本实施例及下述各实施例中,所述医疗数据,可以是投保用户提交的医疗保险索赔单中包含的数据,例如投保人的疾病症状、患病时间、就诊次数、人口学信息、索赔缘由、信用级别等信息。其中,所述医疗诊断信息可以是投保人的疾病诊断信息,如疾病症状,患病时间,就诊次数等;所述用户描述信息可以是投保人对疾病诊断结果的描述信息,例如描述内容等。
应理解的是,医疗保险索赔单的表单格式或模板一般较为固定,因此检测设备可根据医疗保险索赔单的表单格式或模板来在对应区域读取上述医疗诊断信息以及用户描述信息。
步骤S20:根据所述医疗诊断信息在预设模型数据库中查找对应的欺诈行为检测模型;
需要说明的是,上述欺诈行为检测模型可以是预先根据过往存在保险欺诈行为的医疗数据所训练的、用于检测投保用户是否欺诈行为的分类模型。由于欺诈行为只包含欺诈和非欺诈两种结果,因此上述分类模型可采用标签为欺诈/非欺诈的二分类模型,即训练出的欺诈行为检测模型最终输出的结果只有一种:欺诈或者非欺诈。
进一步地,考虑到不同保险机构甚至不同险种都在追求用户信息的保密隐私,且各保 险机构或者不同险种的用户医疗保险数据都比较有限,而这些医疗保险数据中用于对欺诈行为检测模型进行训练的模型训练样本又存在正样本较少的问题,进而使得模型的训练变得较为困难。为了克服上述缺陷,在保证各保险机构和不同险种用户信息的私密性和安全性的前提下,本实施例优选采用基于联邦学习的模型训练方法进行上述欺诈行为检测模型的模型训练。
进一步地,为了保证所训练的欺诈行为检测模型的精准度,可预先针对不同的疾病类型精细化的进行模型训练,然后将这些训练好的欺诈行为检测模型与对应的疾病类型进行关联后存放在预先设定的模型数据库中,以便检测设备根据医疗诊断信息中包含的疾病类型标签进行查找。上述关联方式可以是通过建立欺诈行为检测模型的模型标识(例如模型名称、模型调用路径、存放路径等)与疾病类型之间的映射关系来实现。所述疾病类型标签即疾病所属的种类或对应的名称,例如心血管疾病、肿瘤、慢性病等。
需要说明的是,考虑到疾病之间可能存在多疾病并发的情况,即存在并发症的情况。针对这种情况,若采用某单一疾病对应的欺诈行为检测模型来对用户提交的医疗数据进行欺诈行为检测,将会导致检测结果出现偏差。
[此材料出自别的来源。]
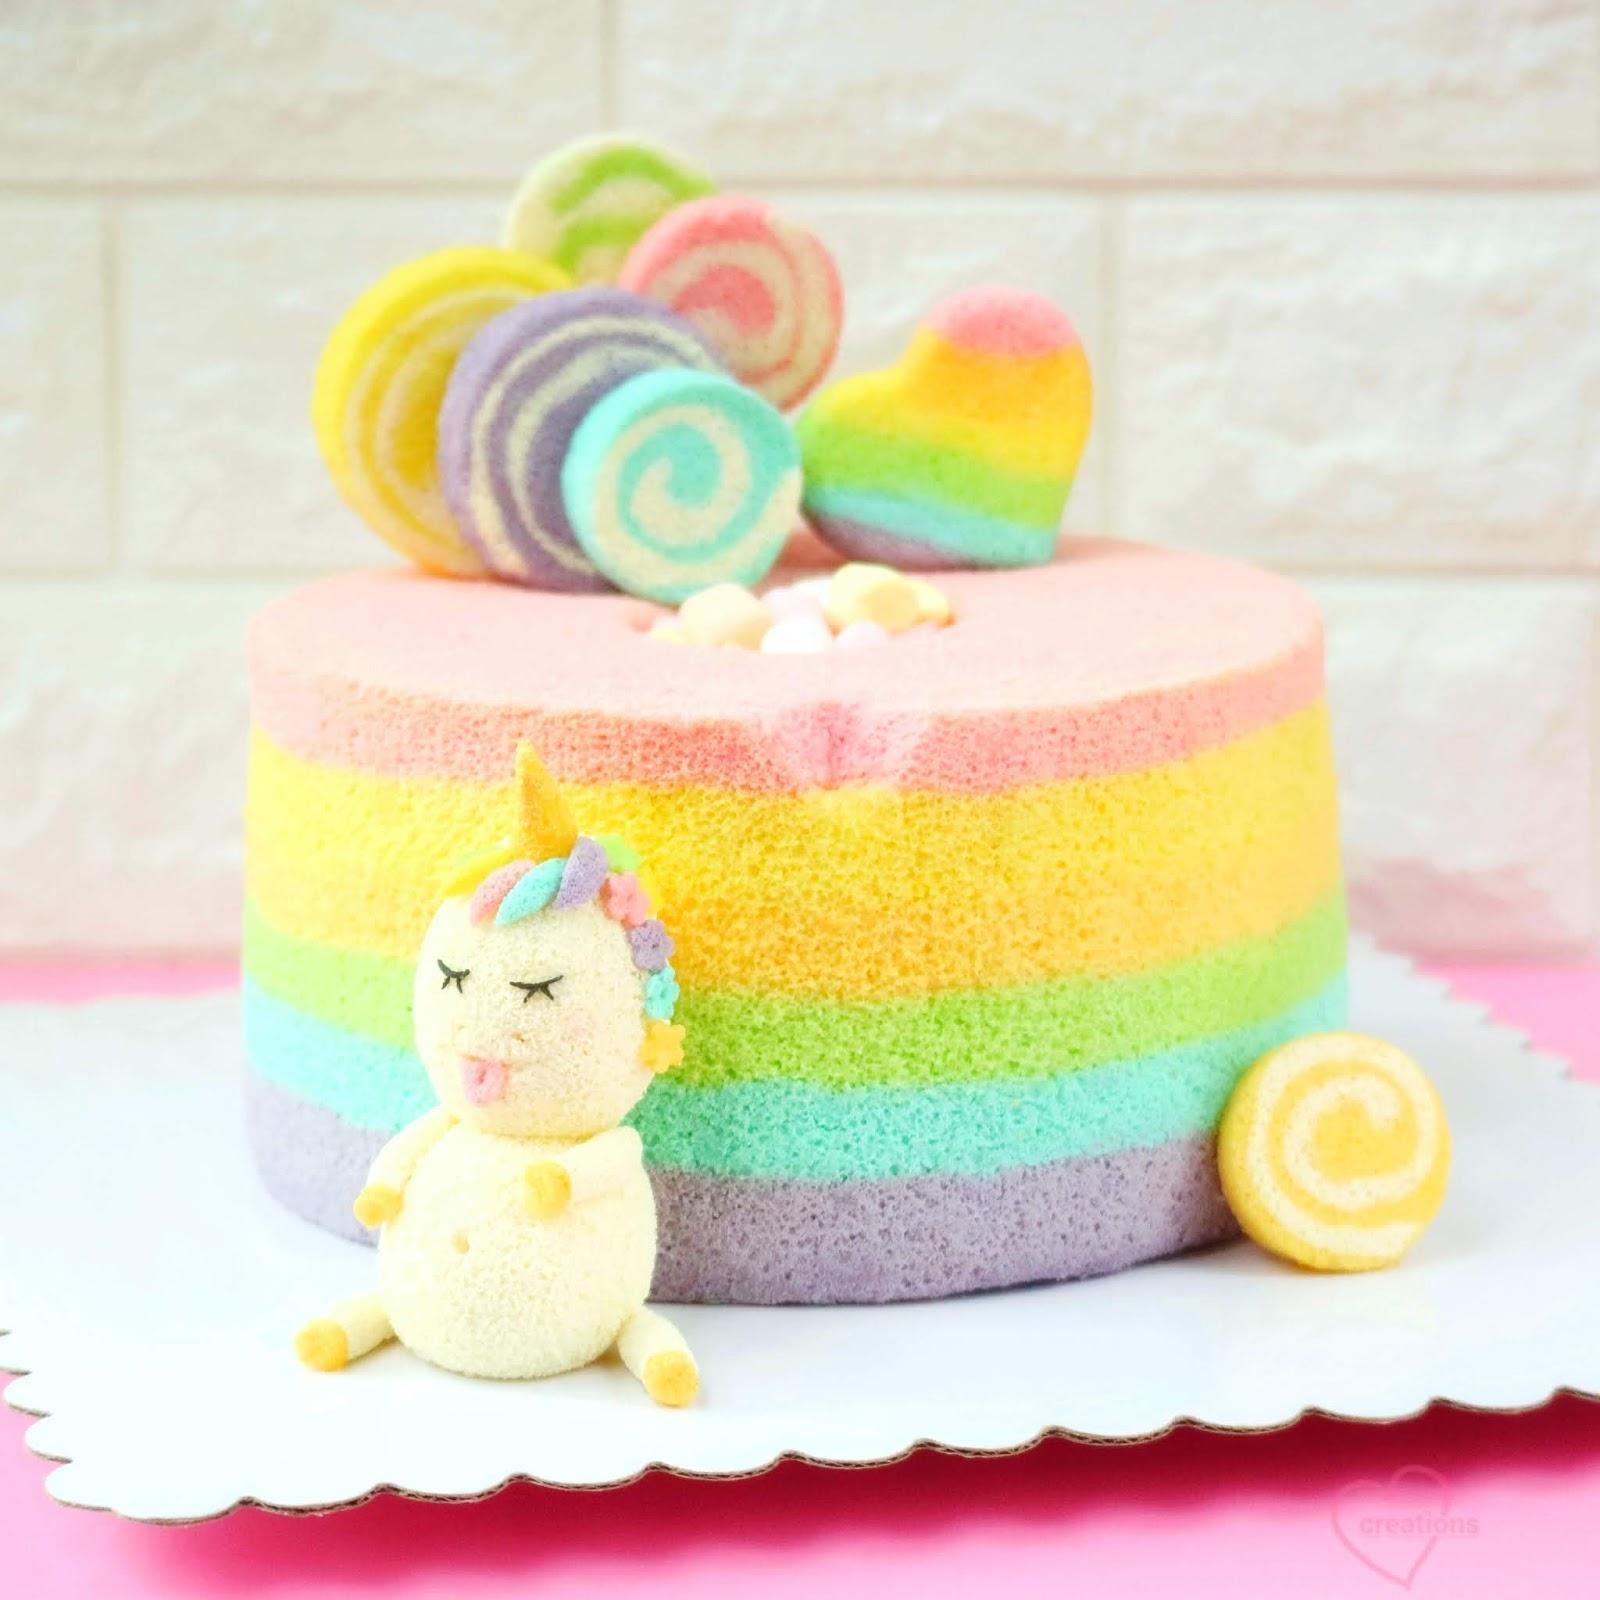 Loving Creations For You Fat Unicorn Rainbow Chiffon Cake

因此本实施例在实际应用过程中,还可以根据不同疾病的并发症来训练特定的欺诈行为检测模型,以便根据实际疾病情况来选用相应的欺诈行为检测模型。
本实施例中检测设备判断是根据单一疾病对应的欺诈行为检测模型(即单一疾病模型)进行欺诈行为检测,还是根据疾病的并发症对应的欺诈行为检测模型(即并发症模型)进行欺诈行为检测,具体可根据疾病类型标签的标签数量来确定,例如,若检测设备判断出医疗诊断信息中包含的疾病类型标签有心血管疾病和脑梗塞等,标签数量大于2,此时若仅用心血管疾病对应的欺诈行为检测模型,可能会导致检测结果不够准确,因而需要采用心血管疾病的并发症对应的欺诈行为检测模型进行检测。
具体的,检测设备可获取所述医疗诊断信息中包含的疾病类型标签;然后获取所述疾病类型标签的标签数量,并根据所述标签数量确定模型类别;再根据所述模型类别在预设模型数据库中查找对应的欺诈行为检测模型。
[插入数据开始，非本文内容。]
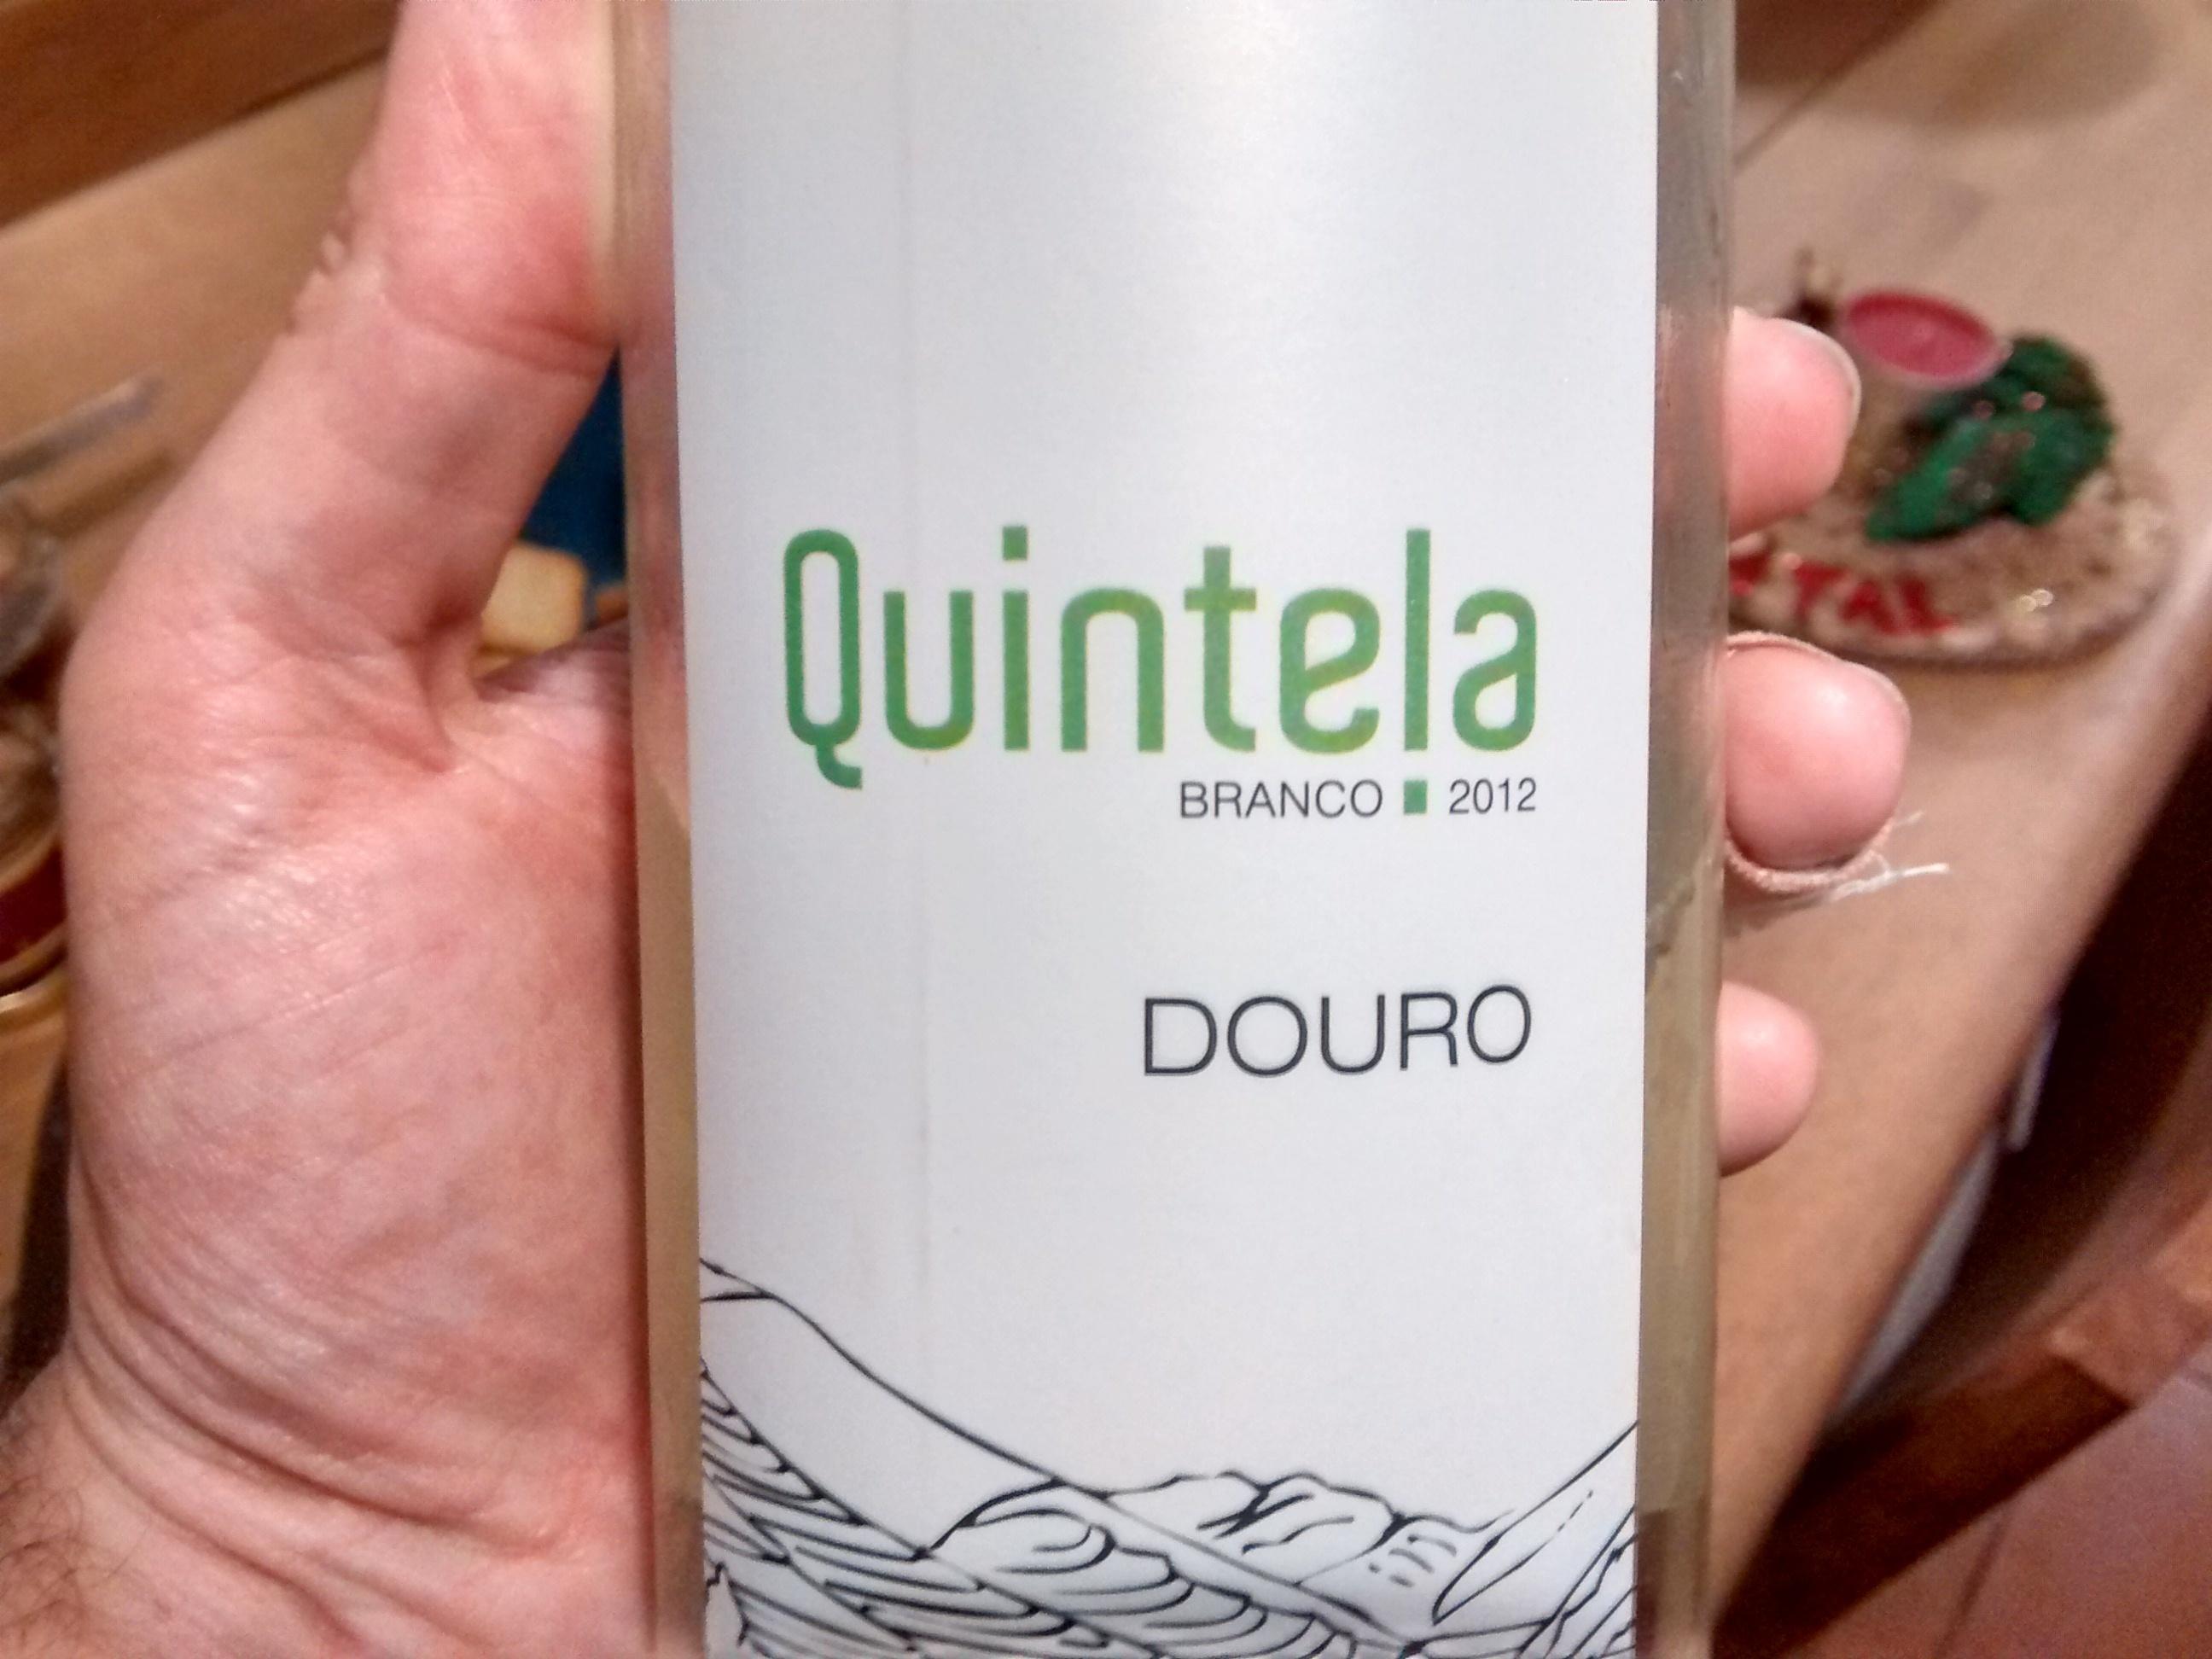 Quintela-Douro

其中,根据标签数量确定模型类别的方式可以是先根据标签数量确定使用哪一类模型,即确定模型类别(单一疾病模型或并发症模型),然后根据模型类别和疾病类型标签确定对应的欺诈行为检测模型。
步骤S30:根据所述医疗诊断信息和所述用户描述信息生成模型嵌入向量;
需要说明的是,实际情况中对于用来训练的二分类模型种类很多,具体的模型类别本实施不作具体限制。例如本实施例中的二分类模型可以选用逻辑回归模型、支持向量机(SVM)、随机森林(RF)和多层神经网络(MLP)等。所述模型嵌入向量即模型的输入参数,本实施例中检测设备将根据医疗诊断信息和用户描述信息生成模型嵌入向量,即对医疗诊断信息和用户描述信息向量化,获得模型嵌入向量。
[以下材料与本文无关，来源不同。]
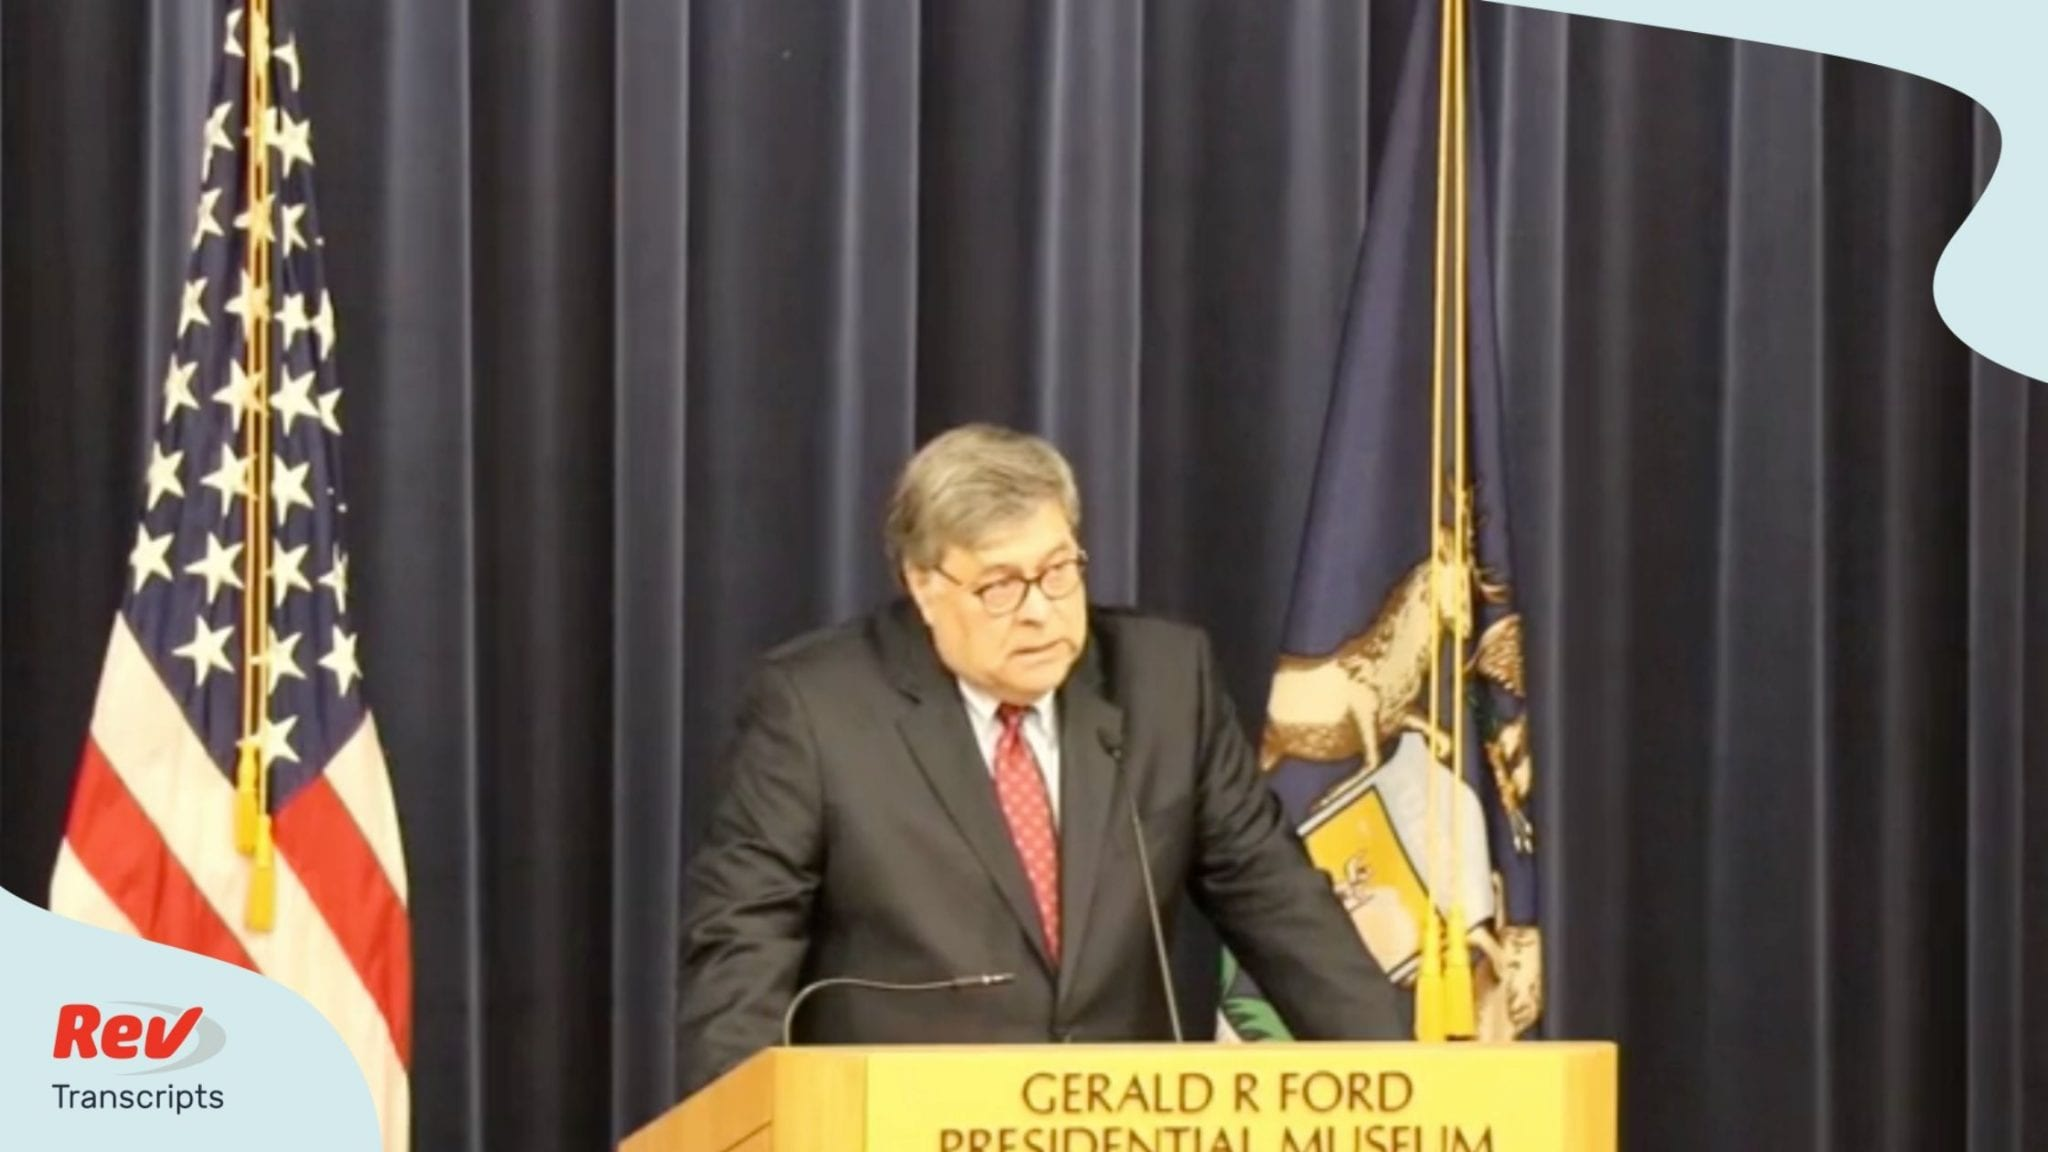 William Barr gave a speech July 16

在本实施中,检测设备可通过BERT(Bidirectional Encoder Representations from Transformers)算法将医疗诊断信息和所述用户描述信息嵌入为上述模型嵌入向量。
应理解的是,BERT是通过在海量的语料的基础上运行自监督学习方法,为单词学习一个好的特征表示,所谓自监督学习是指在没有人工标注的数据上运行的监督学习。本实施例通过BERT算法获得模型嵌入向量,能够省略人工标注数据的环节,有效的节省了人力物力。
步骤S40:将所述模型嵌入向量输入至所述欺诈行为检测模型,以获得模型输出结果;
在具体实现中,检测设备在获取到模型嵌入向量后,即可将该模型嵌入向量输入至欺诈行为检测模型,以获得模型输出结果。应理解的是,对于二分类模型而言,其模型输出结果通常为每种类别的概率值,例如欺诈概率值80%,非欺诈概率值20%,检测设备即可判断出该用户存在欺诈行为。
步骤S50:根据所述模型输出结果判断所述用户是否存在欺诈行为。
应理解的是,检测设备在获取到模型输出的类别概率值后,即可根据该类别概率值中,概率值较大的类型来确定出最终的行为结果,进而判断出用户是否存在欺诈行为。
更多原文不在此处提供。